A lot of it comes back to good Agile. Rather than formally following the methodology, it is vital to be Agile in spirit and maintain options as long as possible. I can see how the work coming out of Spotify inspires studios. They work with both autonomy and alignment.   The goal is to have a high degree of both, making sure that formalization of process does not go too far, but that it provides just enough control to bring the studio identity together.

By continuously keeping that underlying conversation going, it becomes possible to have multiple projects on the go. Founders or owners feel that they do not have to let go of control. At the same time, each project can have a higher degree of creative freedom. If those leaders can see what the teams are doing, and if those teams feel they are being trusted, then that makes for a far better culture.

Balance

Also –– and going back to need to create a studio identity ––  it is important to maintain the balance between projects. One common struggle is between the company’s own game development, versus work-for-hire (unless of course we are talking about dedicated outsourcing companies). In particular, there are often certain skills that a studio is really good at that tend to become bottlenecks without a thorough analysis of how to load balance. 

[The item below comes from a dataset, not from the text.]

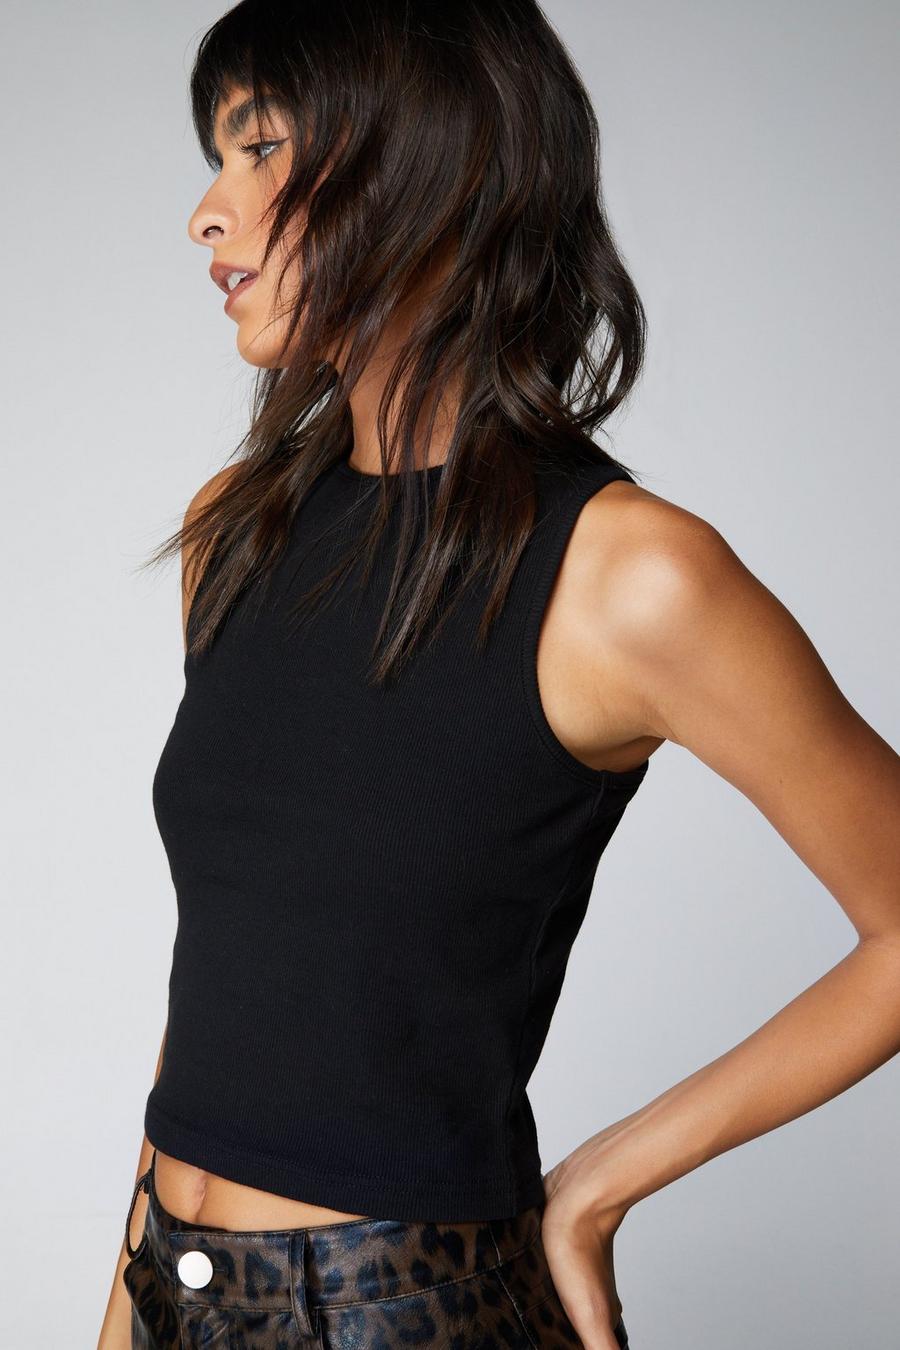 NanoEdge Women Crop Top V Neck Bra Bralette Vest Halter Black Sleeveless  Top Free Size (28 Till 34) Pack of 1
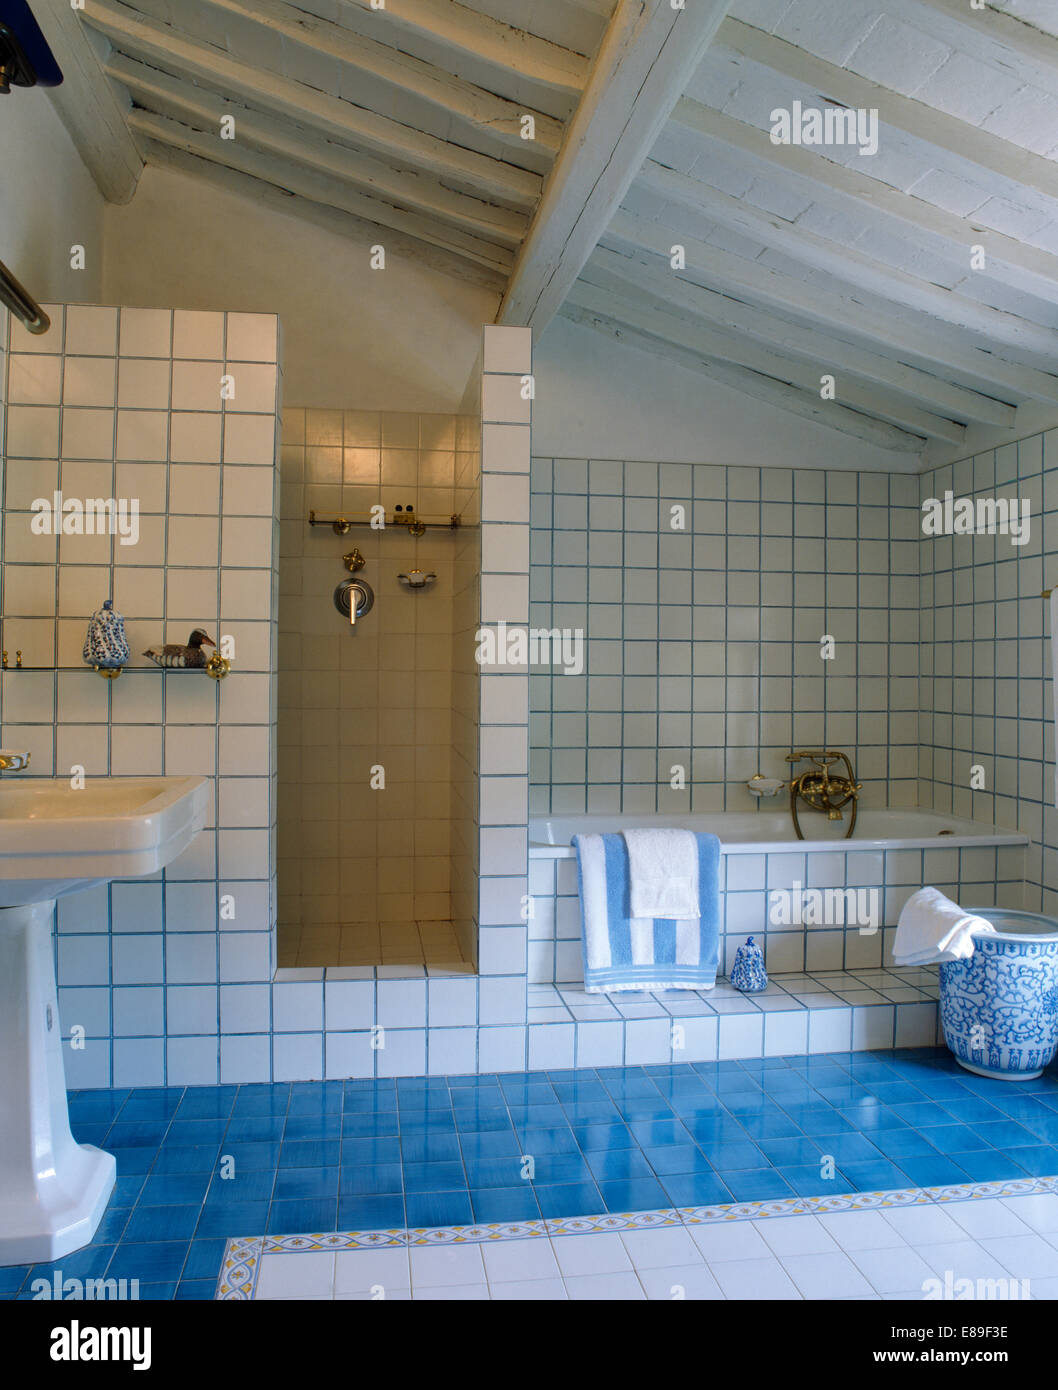 Bleu aigue-marine moderne carrelage dans salle de bains avec carrelage blanc blanc Toscane poutres apparentes peintes Banque D'Images

For instance, a studio might be brilliant at sound design, but does not have enough capacity to use this fully on every project without sacrificing quality. To avoid cannibalizing one project for the sake of another, proper resource planning needs to be applied.  That will also help identify where it makes sense to collaborate with other studios. Perhaps it means bringing in extra sound designers for a project, or to acknowledge that while the studio is great at sound, it should rather bring in help in other areas to stay focused.

Technology tools

Technology tools are not a silver bullet, but they can help. For instance, within an Agile context, efficient backlog management can take away a lot of the manual effort and pain of understanding resource requirements.  Also, learning to build backlogs-of-backlogs, portfolio road maps, and other cross-project aspects of scaling up is something with which agile planning tools can help.

Multi-project development is an inevitability for most studios, even for those focused on a single title right now. It makes sense to plan for it from the get-go and create the right foundation. Otherwise you could end up hastily introduce one on-the-fly, in a hurry, when juggling several teams, games, and deadlines. Better project management has the potential to help set games studios free to grow. They can be more efficient, follow the original vision, and dreams to keep studio members inspired and sticking with the studio as it grows.